PejuangKantoran.com – BTN Jakarta International Marathon 2026 (BTN Jakim 2026) banyak menyisakan kisah inspiratif buat kita. Terutama kisah-kisah para first timer yang berhasil sukses atau malah gagal menyelesaikan kategori lomba mulai dari 5K, 10K, Half Marathon, sampai Full Marathon.
Buat kamu yang terinspirasi dan berniat untuk mengikuti race lari terdekat tapi masih bingung tipe model latihannya, sebenarnya untuk kompetisi lari (apapun pilihannya) fase latihan dibagi menjadi empat tahapan utama: Base Building, Training Block (Fase Spesifik), Peak Month (Puncak Latihan), dan Tapering Week (Pengurangan Volume).
Mengikuti fase-fase latihan ini secara terstruktur sangat penting untuk membangun stamina dasar, meningkatkan kecepatan, serta mencegah cedera fatal sebelum hari perlombaan.
Baca Juga: Dalam Race Marathon, Keputusan DNF (Did Not Finish) Bukan Aib!
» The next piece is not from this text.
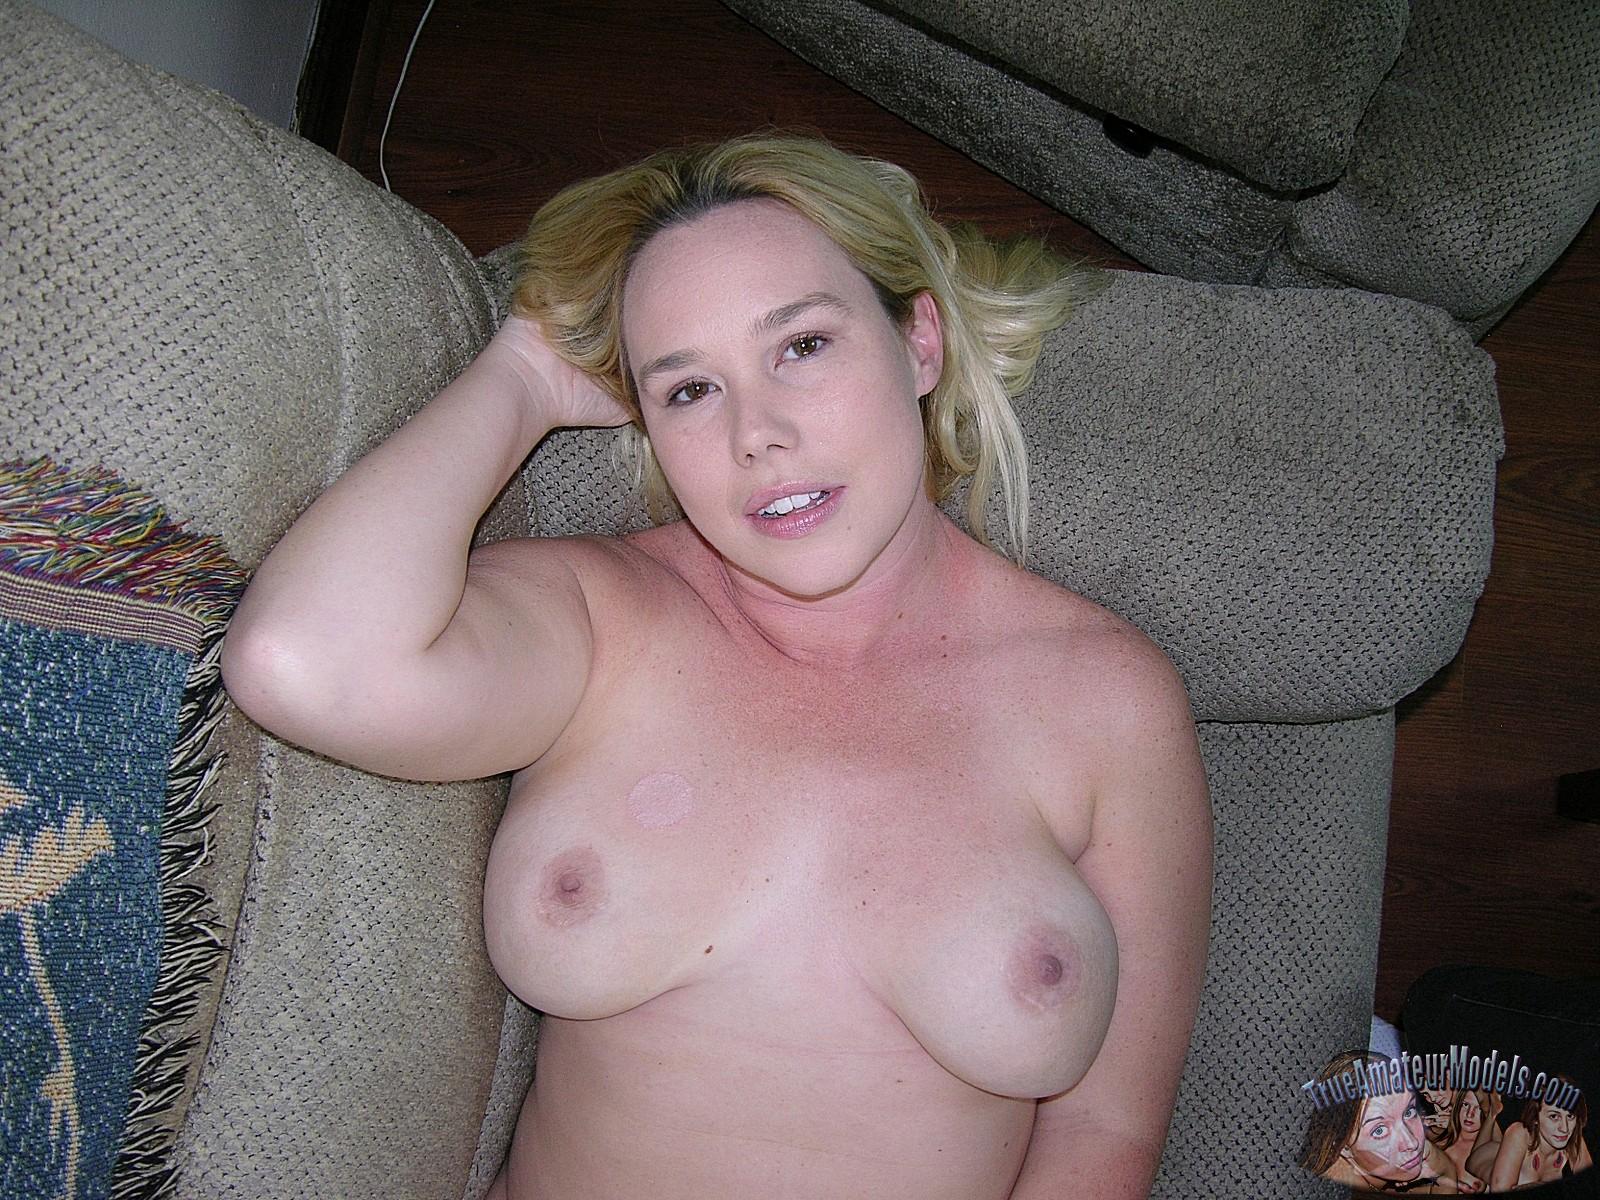 Best amateur porn paysites

DNF Merupakan Keputusan Terbaik!
Berikut adalah penjelasan lengkap mengenai setiap fase berlatih marathon beserta detail karakteristiknya.
Fase Base Building (Membangun Fondasi)
Fase ini bertujuan mempersiapkan tubuh, otot, dan sistem kardiovaskular terhadap beban latihan yang akan datang.
- Durasi: 4 hingga 8 minggu.
- Fokus Utama: Meningkatkan volume lari mingguan secara bertahap (weekly mileage).
- Intensitas: Rendah hingga sedang dengan dominasi lari zona 2 (easy run).
- Tujuan: Memperkuat sendi, meningkatkan kapasitas paru-paru, dan membangun ketahanan aerobik dasar.
Fase Training Block (Fase Spesifik)
Fase ini merupakan inti dari program latihan di mana tubuh mulai beradaptasi dengan target kecepatan kompetisi (race pace).
- Durasi: 8 hingga 12 minggu.
- Fokus Utama: Kombinasi berbagai jenis menu latihan lari.
- Menu Lari: Terdiri dari Long Run (lari jarak jauh), Tempo Run (lari dengan kecepatan konstan yang menantang), dan Interval Training (lari cepat diselingi istirahat).
- Latihan Pendukung: Mulai rutin melakukan strength training (latihan beban) untuk memperkuat otot inti dan kaki.
Fase Peak Month (Bulan Puncak)
Fase ini adalah periode dengan akumulasi jarak tempuh tertinggi dan tingkat kelelahan paling maksimal selama masa persiapan.
- Durasi: 3 hingga 4 minggu (biasanya terjadi pada bulan terakhir sebelum tapering).
- Fokus Utama: Mencapai jarak Long Run terjauh (biasanya berkisar antara 30 hingga 35 kilometer).
- Tantangan: Menguji mental menghadapi kelelahan ekstrem dan mematangkan strategi nutrisi (gel energi) saat berlari.
- Tujuan: Simulasi kondisi fisik dan psikologis yang mendekati hari perlombaan yang sesungguhnya.
Fase Tapering Week (Penyusutan Volume)
Fase ini adalah masa penurunan volume latihan secara berkala untuk memulihkan tubuh tanpa menghilangkan kebugaran yang sudah terbentuk.